■ Exercise description
Restate all data exactly. No images.

■ Information provided
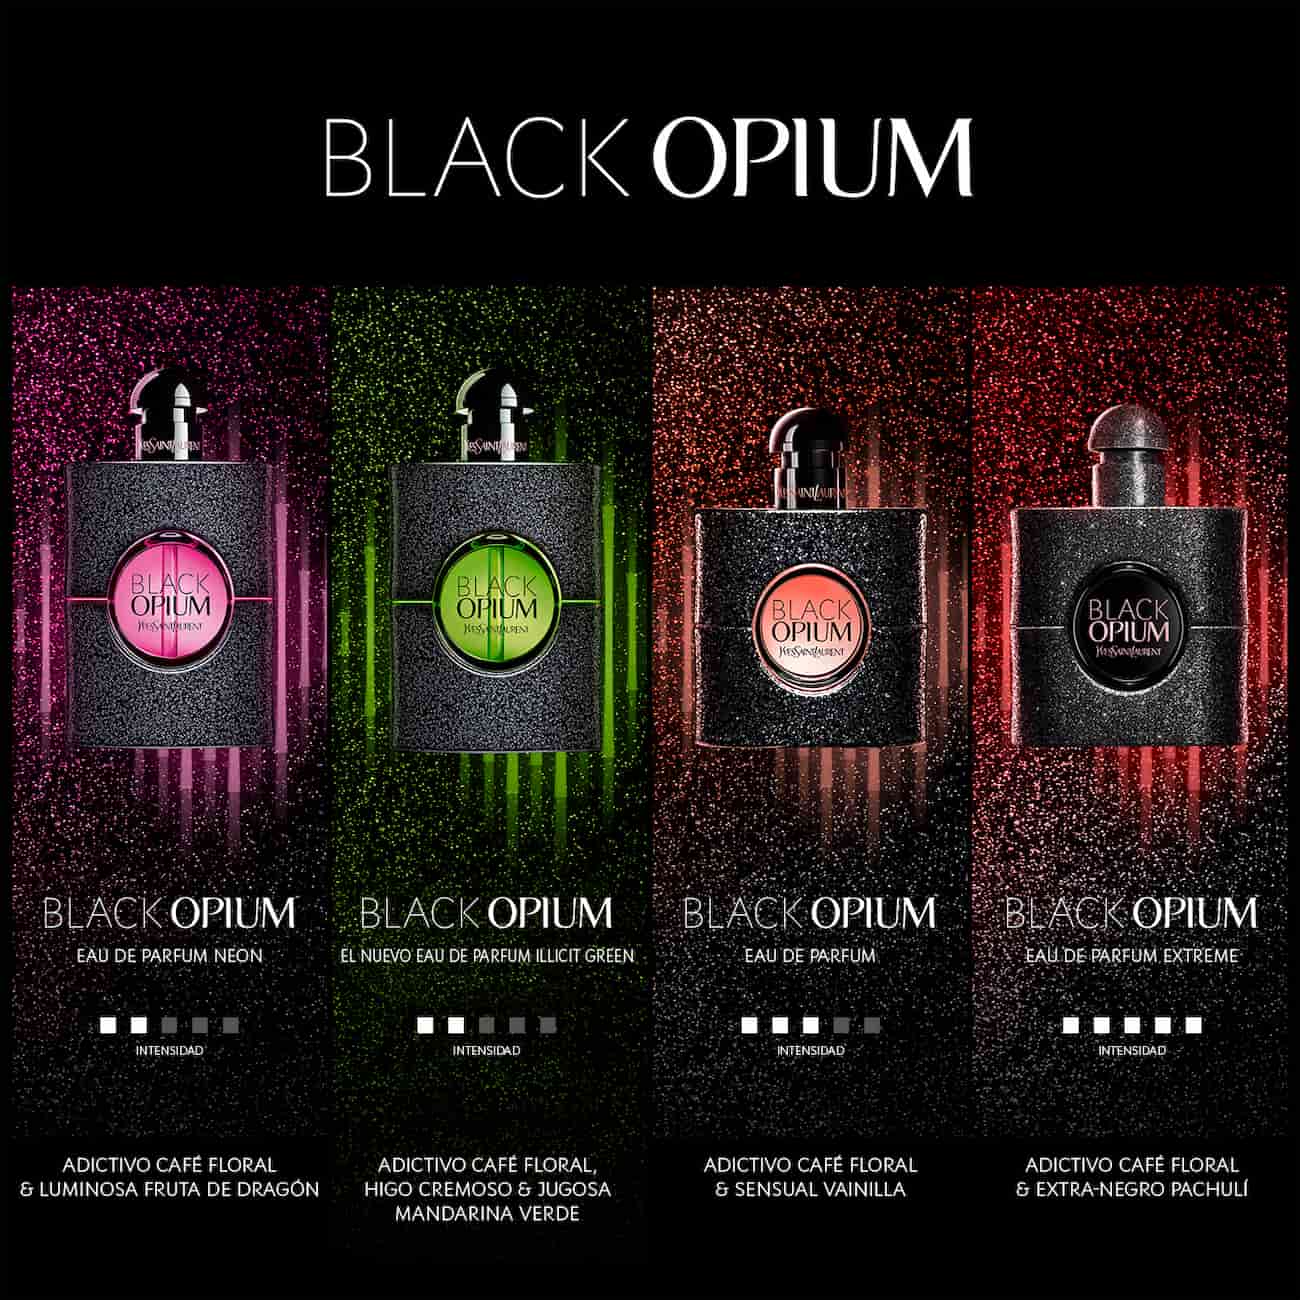 Black Opium in its 4 versions
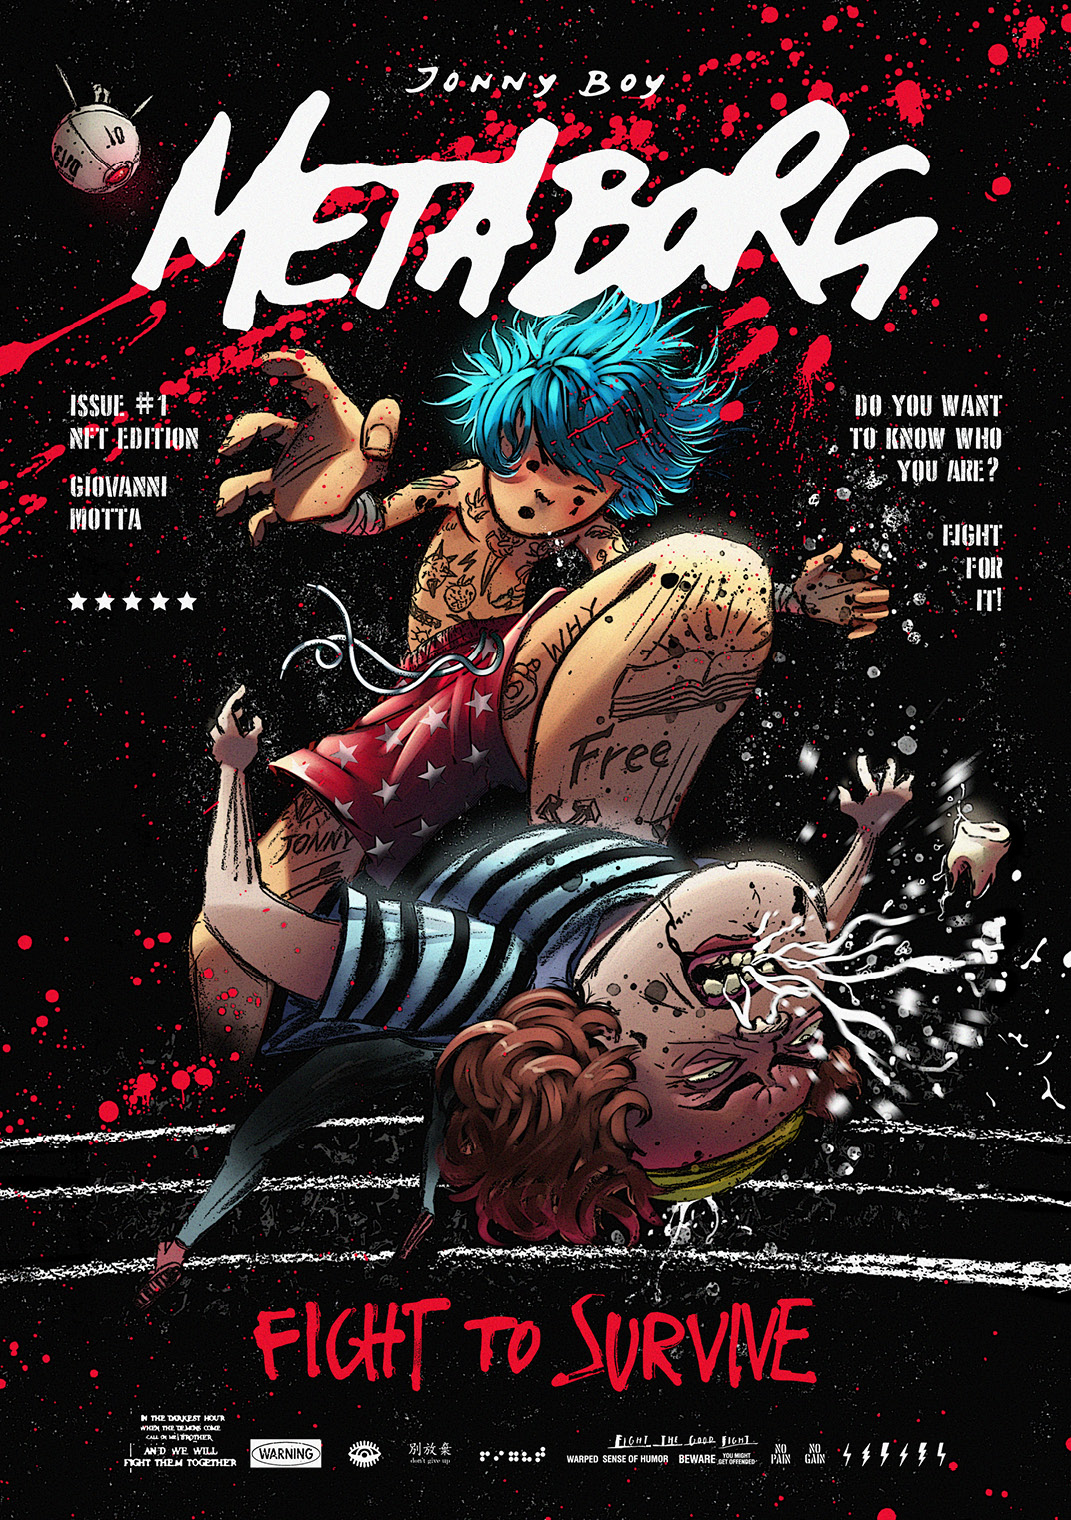 Metaborg - Issue #1 - Original
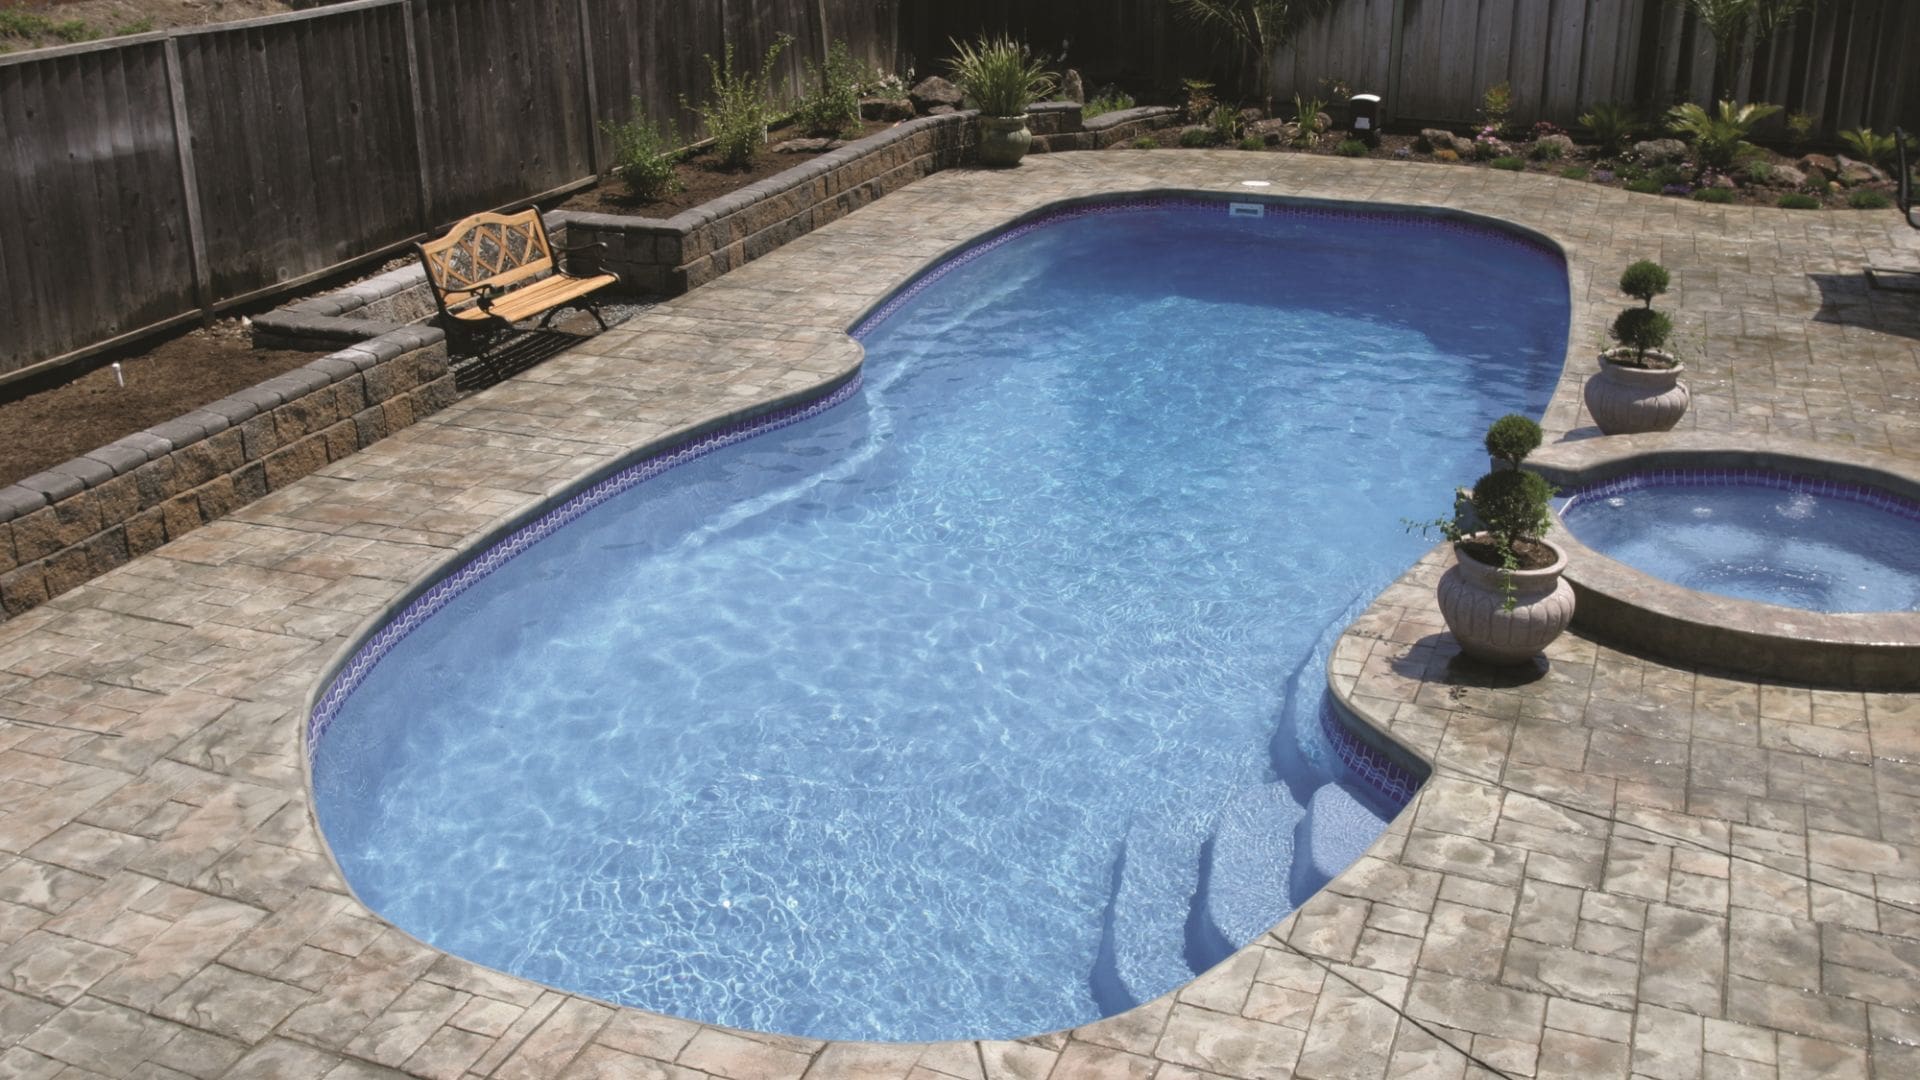 A freeform fiberglass pool

■ Answer space
 Black Opium in its 4 versions
 Metaborg - Issue #1 - Original
 A freeform fiberglass pool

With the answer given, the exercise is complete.